By Sam Blazer on July 24, 2018 at 8:10 am
Ryan Murray tries to avoid a hit from forward Ryan Reaves.
Russel LaBounty – USA TODAY Sports

The weight of expectations will always throw a player into company that he/she may or may not deserve.

The Columbus Blue Jackets know about that with Pierre-Luc Dubois, as he immediately jumped into a role that the team likely wasn't sure if he was ready for it. In that case, it worked out well for both parties as Dubois cruised to a 48-point rookie season.

In another case, the defenseman they drafted No. 2 overall in 2012, Ryan Murray, has been dealing with top pick expectations for a while. At the time, many considered Murray to be the best (or perhaps safest?) player in the entire class. Injuries have derailed his career, and still only 24 years old, it has affected the amount of time he has played on the ice.

The oddest part of it all? He's actually a good, solid player. 

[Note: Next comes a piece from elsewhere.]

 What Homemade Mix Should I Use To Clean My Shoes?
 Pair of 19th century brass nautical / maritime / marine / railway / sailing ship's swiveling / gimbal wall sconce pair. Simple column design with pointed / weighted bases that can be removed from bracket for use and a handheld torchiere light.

This isn't to say that Murray could be an all-star someday. This *is* to say, though, that he is slightly above average and can play with any player you pair him with in the lineup. He has shown that he can play with Seth Jones, Jack Johnson, and Markus Nutivaara. They all give varying returns, but Murray is at least able to mirror that player and allow that person to flourish.

Jones played well with him, and Murray was the rock in the pairing. He allowed him to roam and did not take away from Jones' strengths. The same can be said about Nutivaara; both were able to succeed while playing with the former Everett Silvertips standout.

The same can't be said about playing with Johnson. While Murray had possession numbers above 50% with other players, he saw dips while paired with Johnson. It lends credence to the theory that he mirrors players much more than he drives. Murray puts up consistently around 0.25 points per game, and that clip is nearly the same every year with few dips.

In an era where players can often sink a line or a pairing, such dependability is nearly unheard of. 

The term 'dependability' may be a stretch when it comes to Murray, though it may be more bad luck than anything when talking about his injury history. Yes, he is always injured. No, it isn't the same nagging problem. He has dealt with shoulder, back, knee and hand injuries with almost none of it being a repeat problem (save for his back). Given how young he is, if he can break the bad luck, he can still have a long career and continue at his current pace. 

Superstardom is out the door. Difference-maker won't ever be an apt description. What Murray does is give you a utility player that can slide throughout your lineup without your team missing a beat. It isn't what you dream of when you think about a highly drafted player, yet it beats the alternative.

Good may be the enemy of great, but who says they can't get along?